__Collected material__:
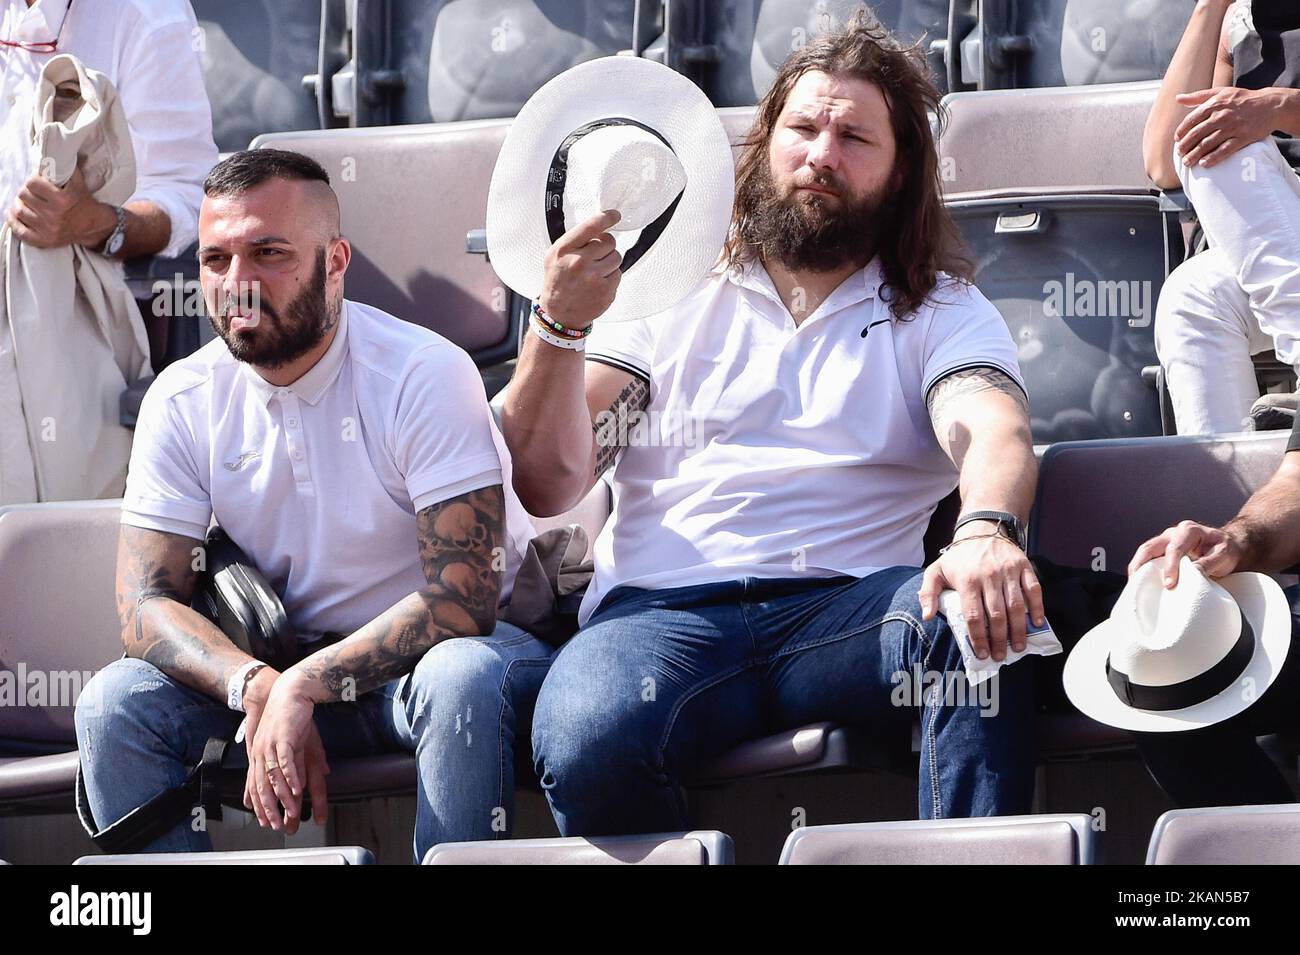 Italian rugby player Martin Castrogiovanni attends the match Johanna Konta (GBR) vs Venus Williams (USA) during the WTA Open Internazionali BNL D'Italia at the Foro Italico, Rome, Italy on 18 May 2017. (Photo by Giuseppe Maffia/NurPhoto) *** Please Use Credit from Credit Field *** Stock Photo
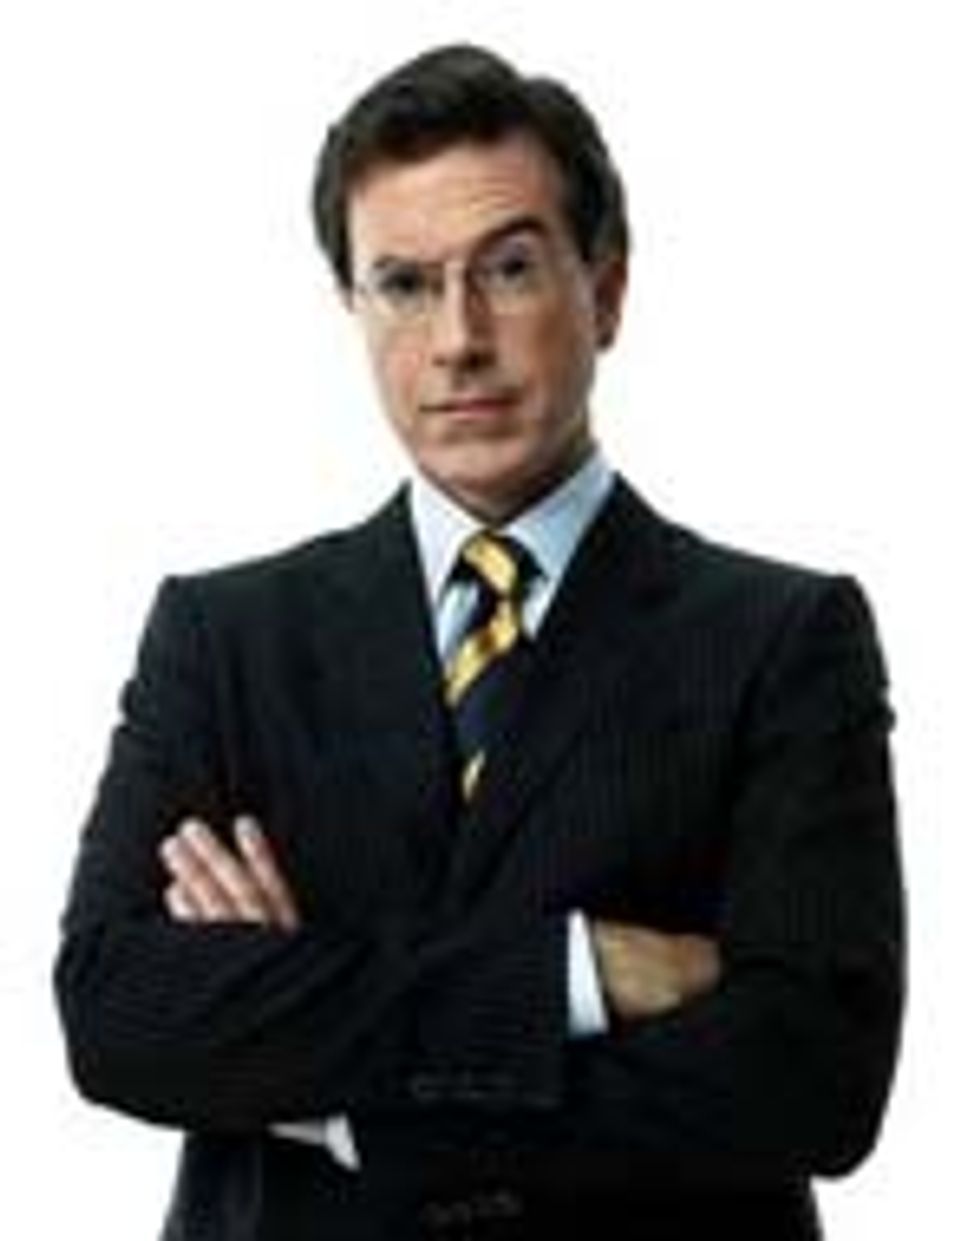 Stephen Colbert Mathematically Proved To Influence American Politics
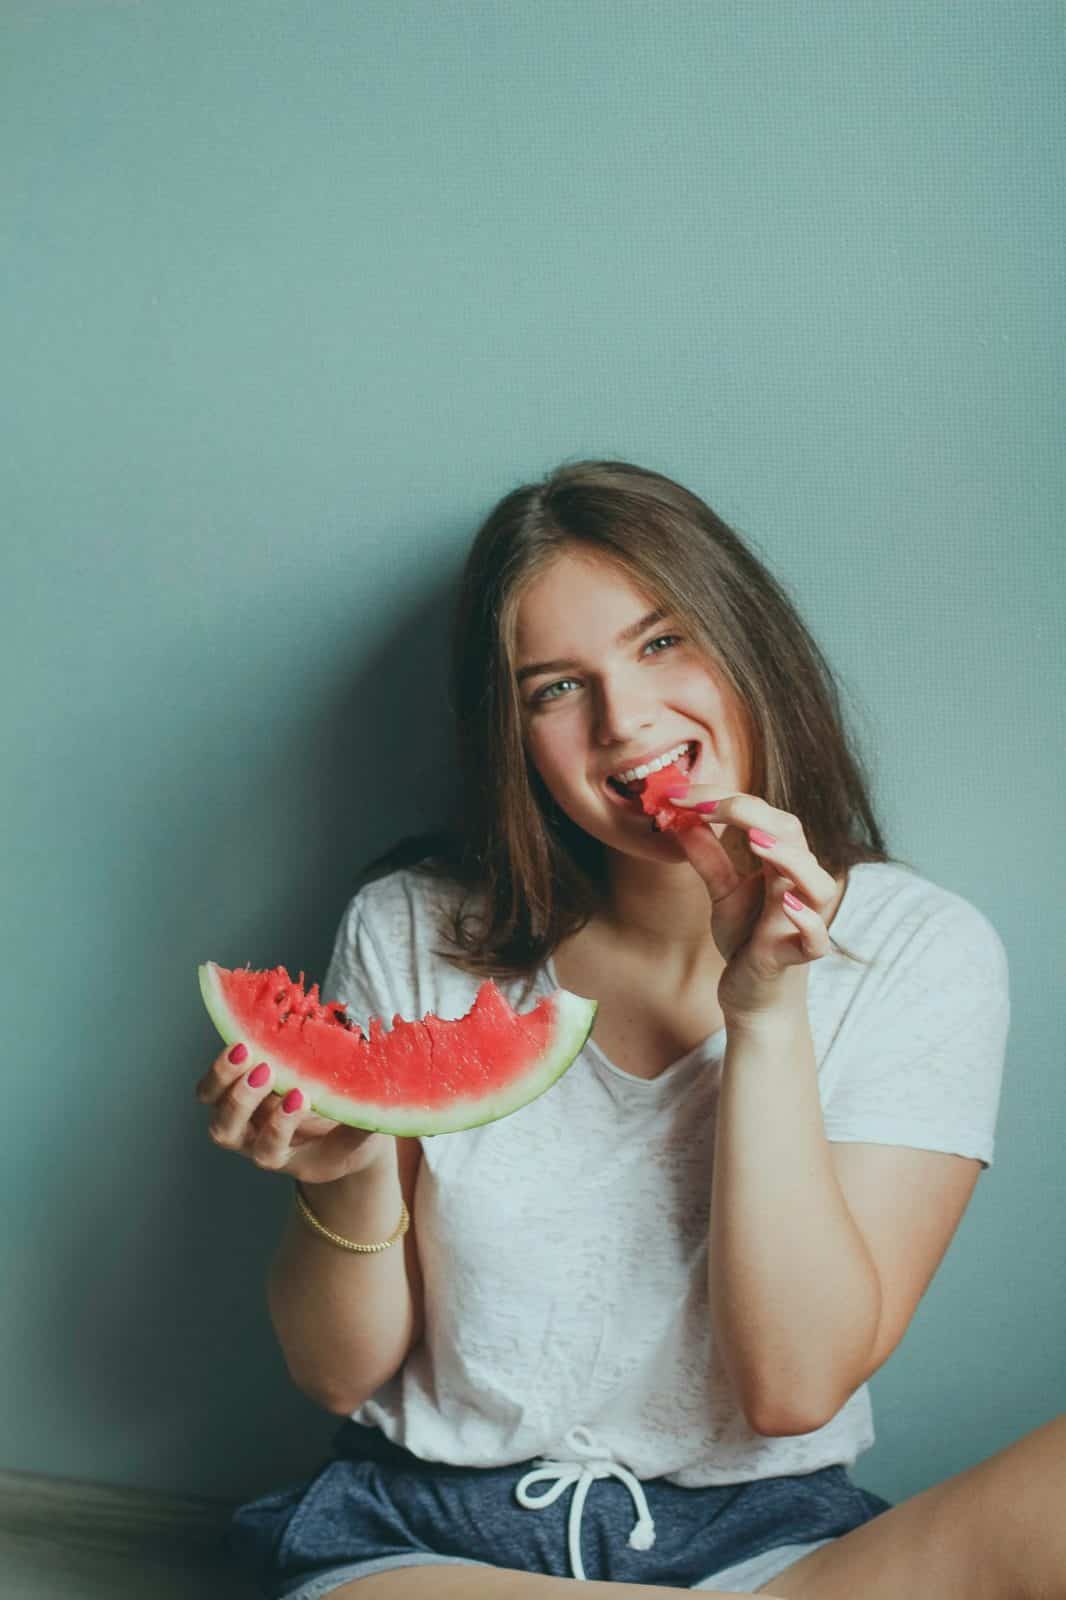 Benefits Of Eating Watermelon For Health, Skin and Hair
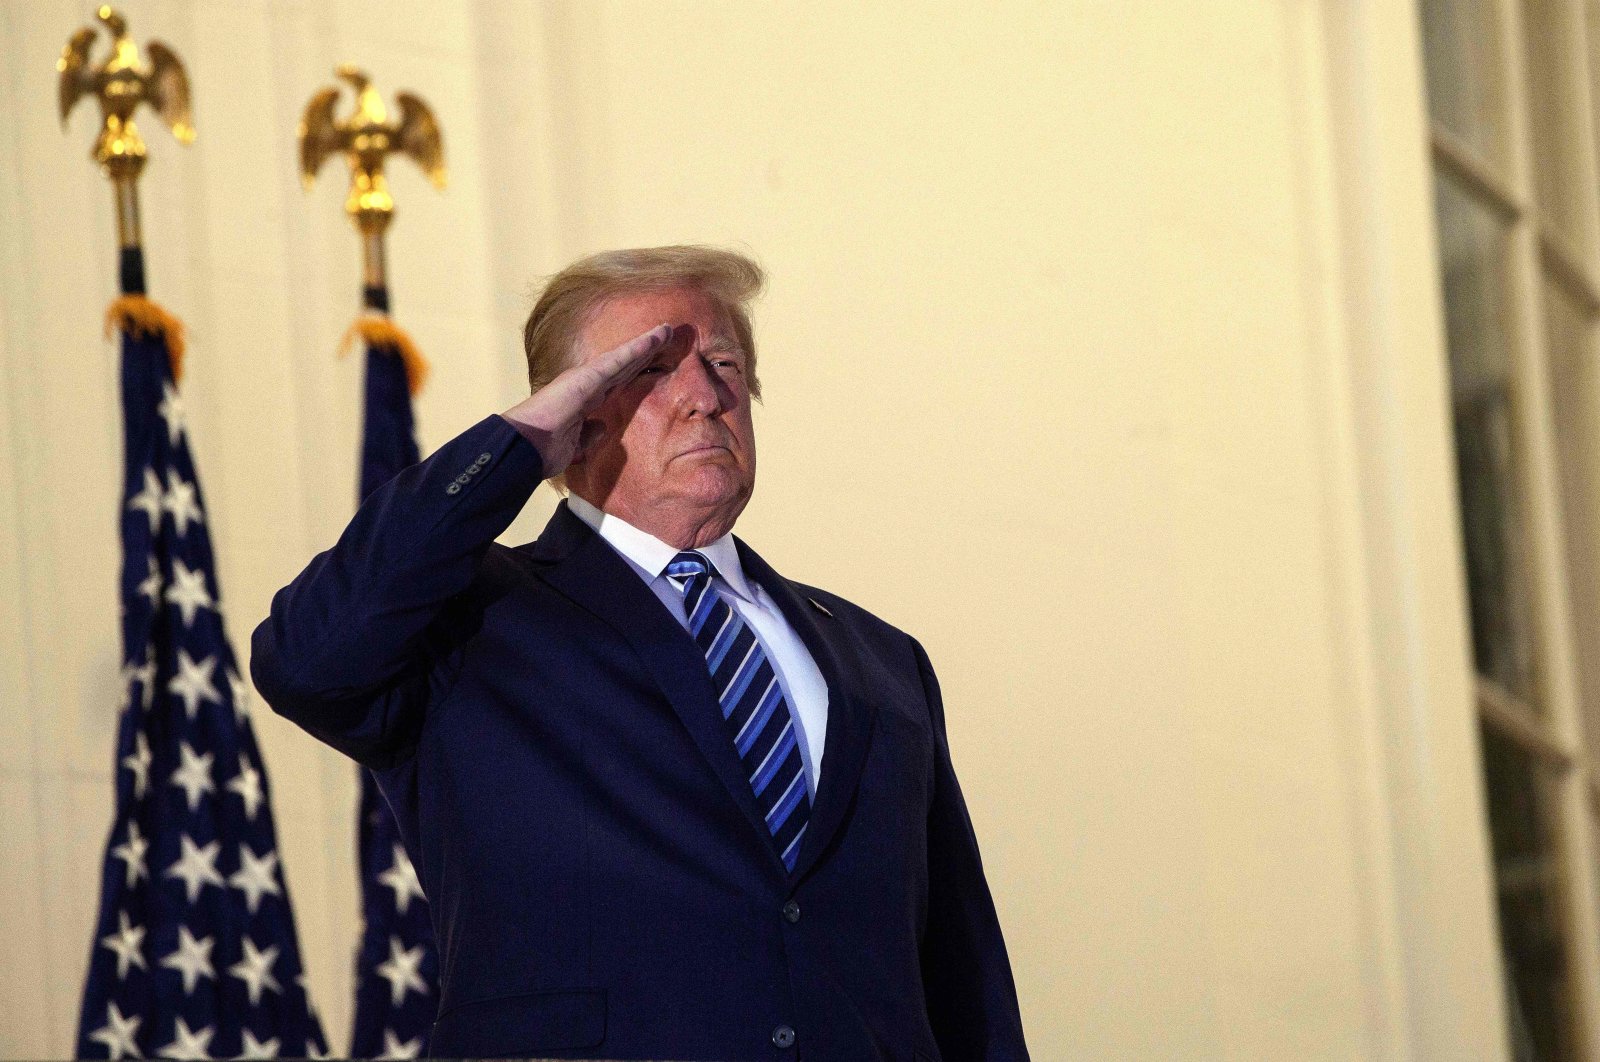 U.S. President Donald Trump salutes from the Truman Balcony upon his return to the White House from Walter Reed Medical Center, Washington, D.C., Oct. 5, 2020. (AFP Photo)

__Problem__:
Please write out every line of the listing above exactly, and leave the images behind.

__Problem solution__:
 Italian rugby player Martin Castrogiovanni attends the match Johanna Konta (GBR) vs Venus Williams (USA) during the WTA Open Internazionali BNL D'Italia at the Foro Italico, Rome, Italy on 18 May 2017. (Photo by Giuseppe Maffia/NurPhoto) *** Please Use Credit from Credit Field *** Stock Photo
 Stephen Colbert Mathematically Proved To Influence American Politics
 Benefits Of Eating Watermelon For Health, Skin and Hair
 U.S. President Donald Trump salutes from the Truman Balcony upon his return to the White House from Walter Reed Medical Center, Washington, D.C., Oct. 5, 2020. (AFP Photo)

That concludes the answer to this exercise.